Annual Bad Day Revisited

Two years ago, I wrote about my annual bad day. I hoped it would fade into the background. This year marks twenty-two years since the event that changed who I was forever. And, my annual bad day looms in front of me once again.

This year I tried to pretend it wasn't approaching, but I failed. Even when I try to forget, my body reminds me. In the days preceding my annual bad day, my skin grows more sensitive, my muscles tense, sleep is elusive and then all-consuming, my brain replays images in my dreams, and my focus suffers.

Emotionally, I become more sensitive. I feel things more intensely. My feelings are hurt more easily. I become a bit melancholy. I struggle to not feel overwhelmed by the sense of betrayal, or at least the memories of the sense of betrayal. It all floods back, and I am filled with anger, sadness, and even regret even though I know I am well over blaming myself for someone else's actions.

Meditation, yoga, and focusing on gratitude fail to give me complete relief from the physical or the emotional effects, but they do help me get through the days. The only thing that relieves the effects of my annual bad day is time.

Perhaps if I didn't have an innate urge to fight my annual bad day every year, I could find a way to get through it easier. Accepting it might make it go easier on me, but it's not in my nature to not fight against things that I don't like. So, I don't expect to embrace the idea of just accepting that this day is forever going to be my annual bad day. I don't want to accept it. That feels like giving up hope, and I don't give up hope. Someday my annual bad day will just be another day of the year... It may not happen until after I'm dead, but someday it will be.

No one but me remembers my annual bad day not even those closest to me. I'm not sure if that's a good thing or a heartbreaking thing. If they remembered, they might ask me about it. On the other hand, if they remembered, they might do something nice for me. But, I don't risk it. In all honesty, I'm not even sure that someone doing something nice for me would be a good thing. I've talked before about how doing something fun felt like celebrating something that shouldn't be celebrated, so a part of me feels like someone doing something nice for me on that day would feel the same way. It's convoluted, but isn't that what annual bad days are - convulated remembrances of the worst things that happen in our lives driving us to rethink who we were and who we are.

Yet this year feels different somehow. I can't force myself to go numb. I've written poems that are more detailed than ever. I released poems addressing it in Reflections in Silhouette: Poems. Still, in some ways, I feel more alone than ever. Years ago I closed, locked, padlocked, deadbolted, broke the key in the lock and concreted in the emotions I didn't want to feel. I welcomed and embraced the numbness for a long time. It was oddly comforting at first. Yet, when I let my guard down, when I was alone, the emotions would trickle under the door and through the keyhole.

At some point I stopped hiding from my emotions. I unlocked that door and then blew it off its hinges. I started feeling again. I started remembering again.A lot of the things I thought I resolved years ago started surfacing. So this year as my annual bad day approaches I find myself wishing I could return to numbness...

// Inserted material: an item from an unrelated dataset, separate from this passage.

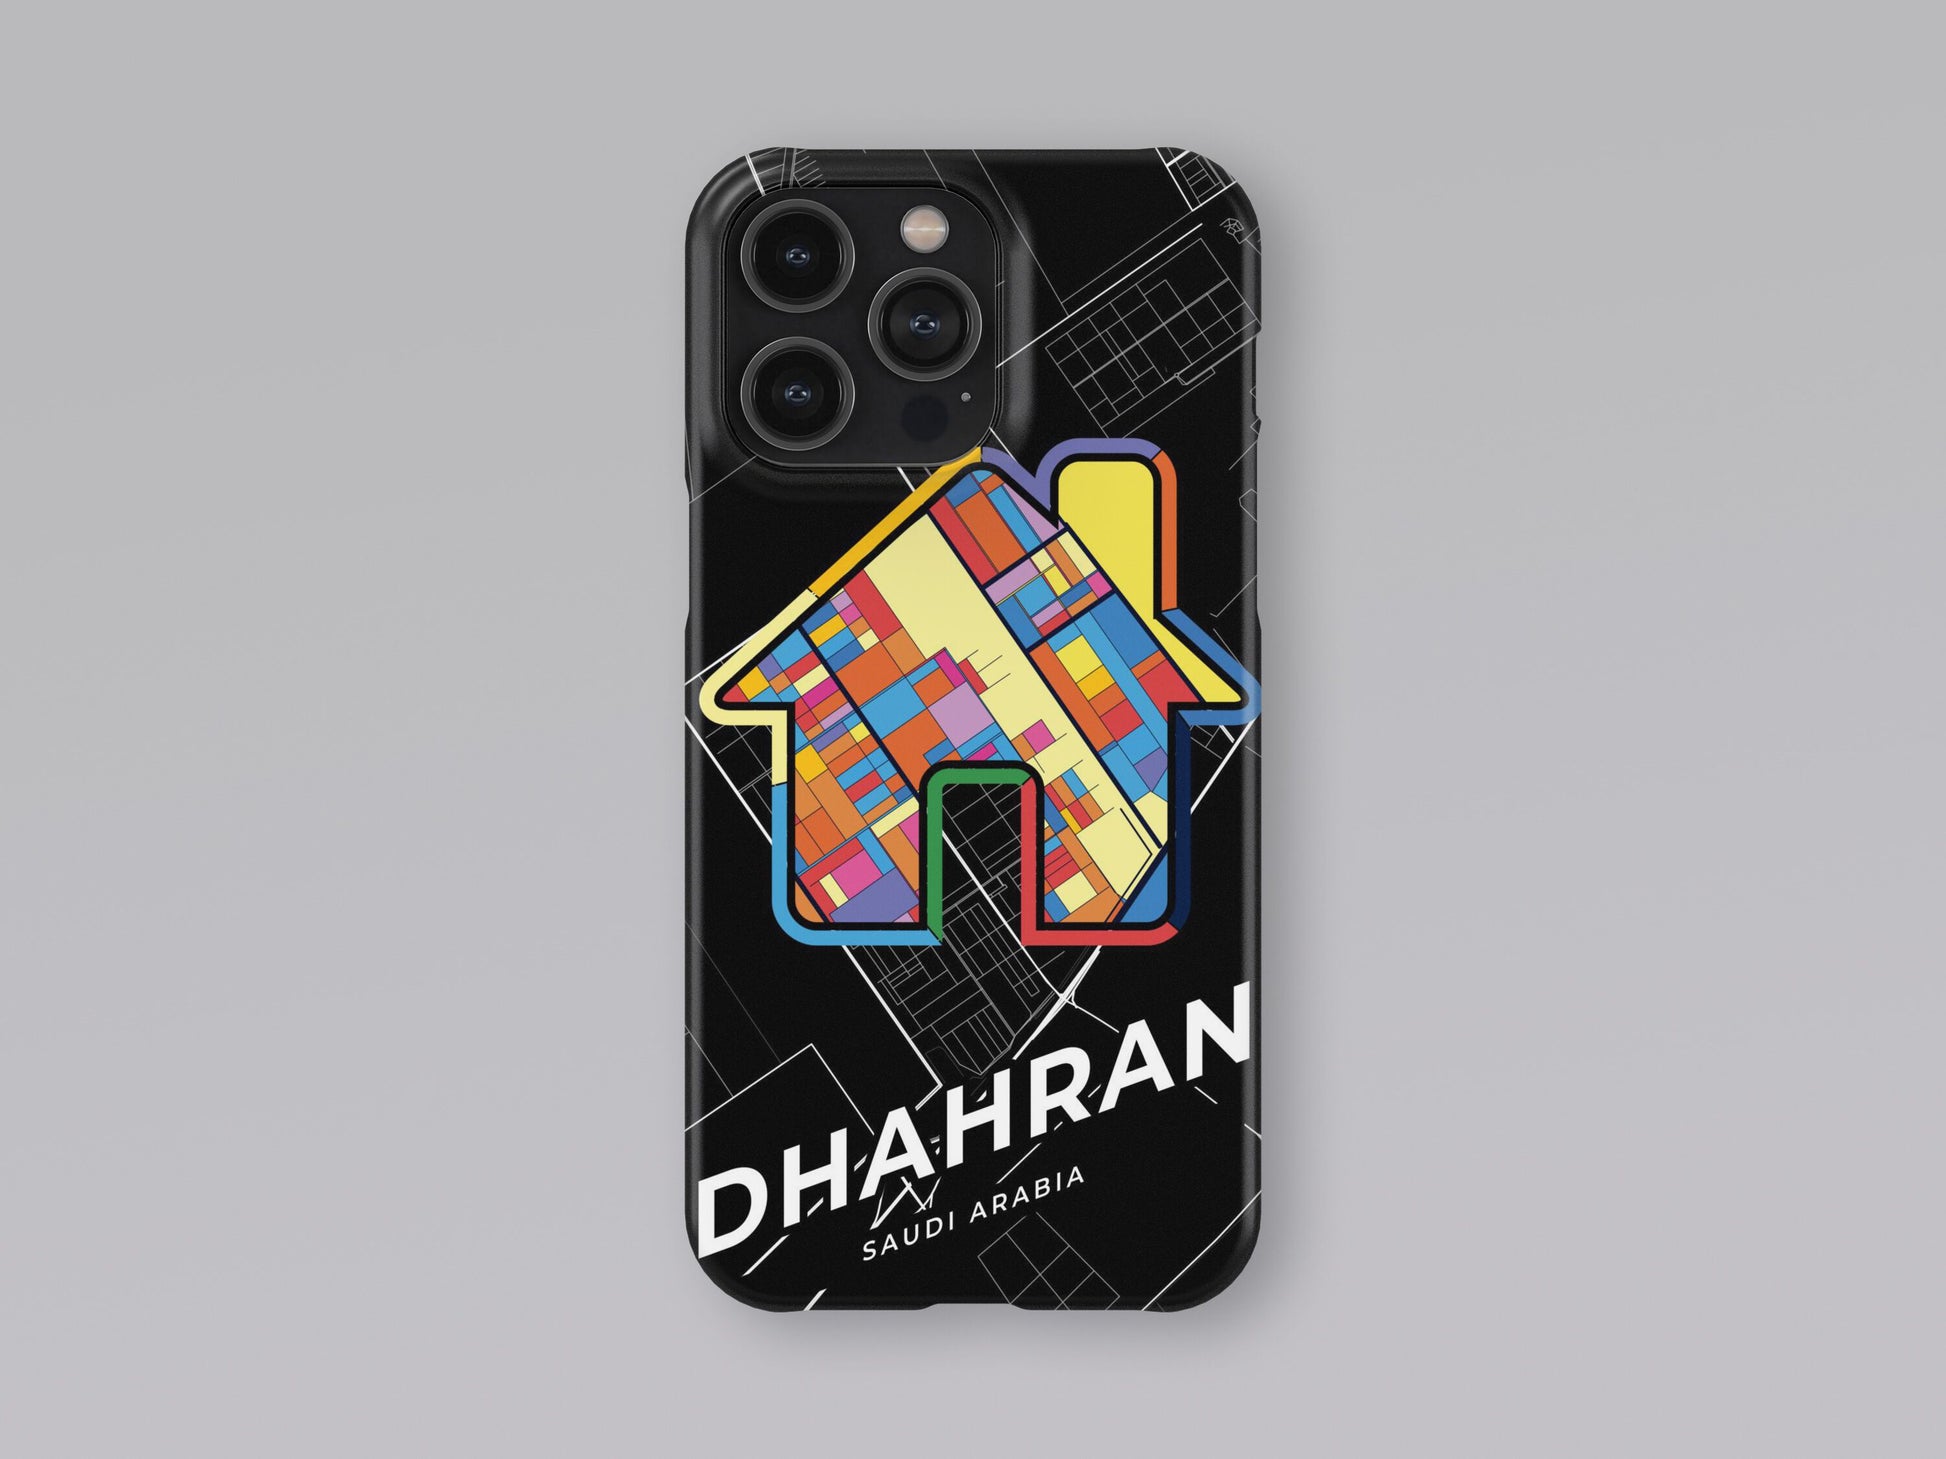 Dhahran Saudi Arabia slim phone case with colorful icon. Birthday, wedding or housewarming gift. Couple match cases. 3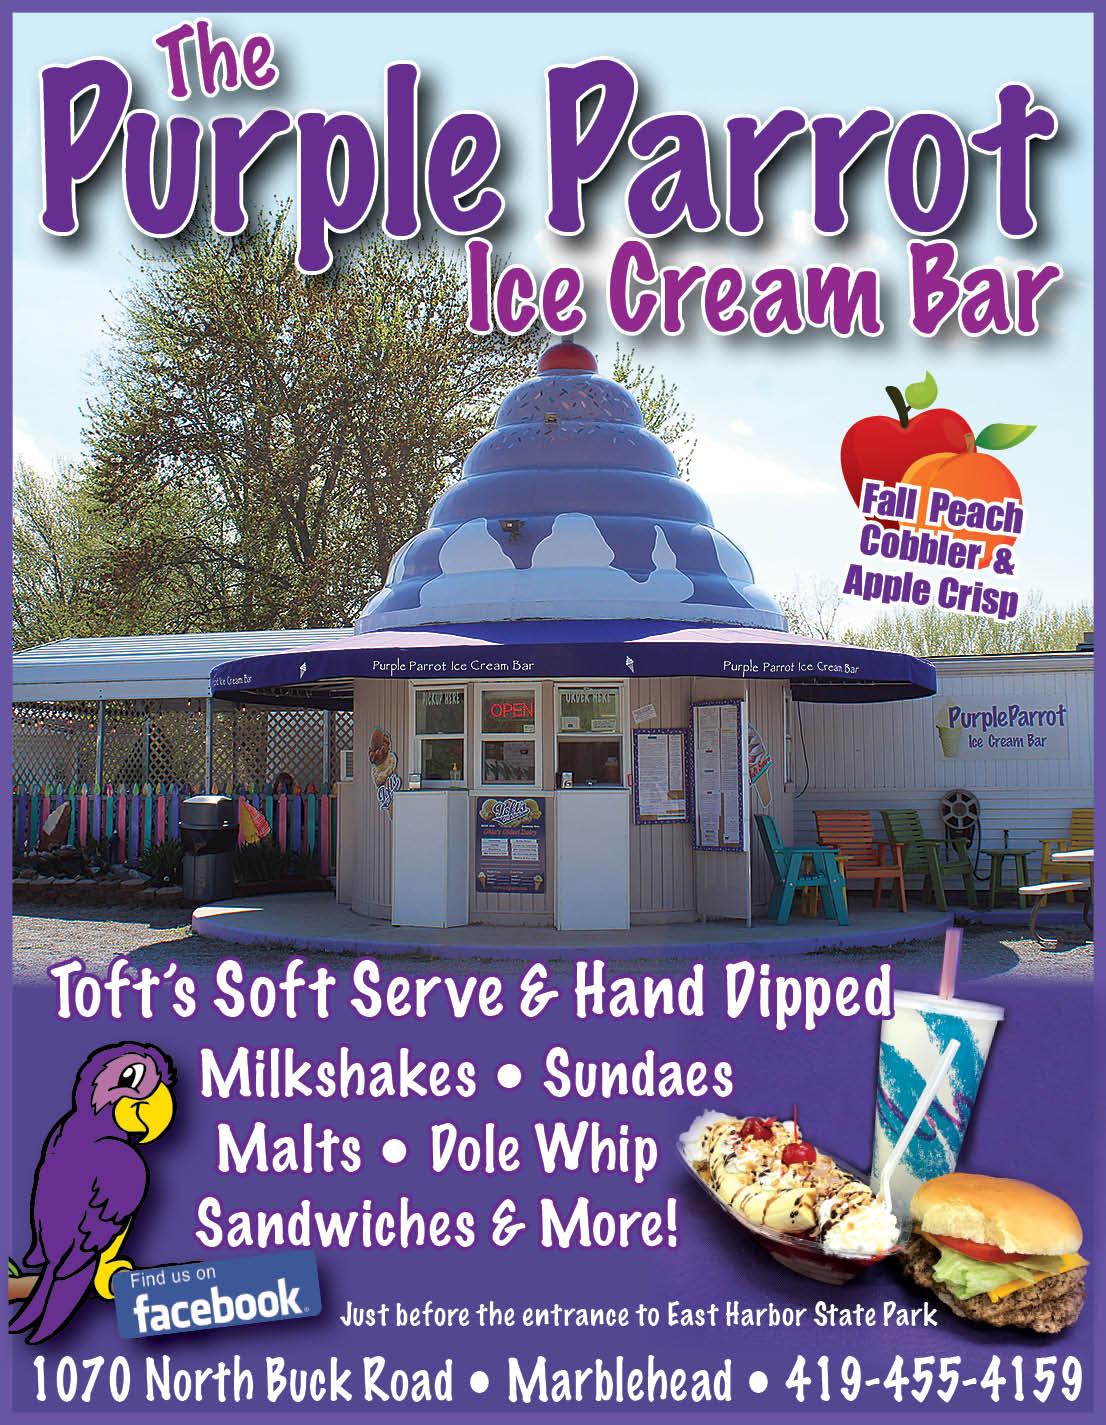 The Purple Parrot Ice Cream Bar

No matter how deeply I've buried what happened, it always bleeds in to my work. The experience, the emotions, the memories, and the results all find their way into the words that make up my body of writing. Poems, novels, short stories, etc. all echo tones of the lessons learned as well as the feelings of victimization and survivorship. Weakness and strength, pain and triumph, friendship and betrayal, love and hate all weave together to inform my writing as I work through my demons. I only hope they also enrich my writing in order to help other people.

So, even as I see my annual bad day approaching, I struggle to find a way to take the negative effects on me and turn them into something someone else can find comfort and inspiration in. If you have an anuual bad day, please know many of us do for a variety of reasons. We, like you, just tend to keep quiet about them. We all try to leave the past in the past where it belongs no matter how much it bleeds into our current days even if only in the lessons we've learned...

While I don't think I'll ever be grateful for my annual bad day or the event that created it, I can, most days, find it in my heart to be grateful for the lessons I learned about myself and others from the experience. I hope, if you have an annual bad day, you can someday reach that point, too.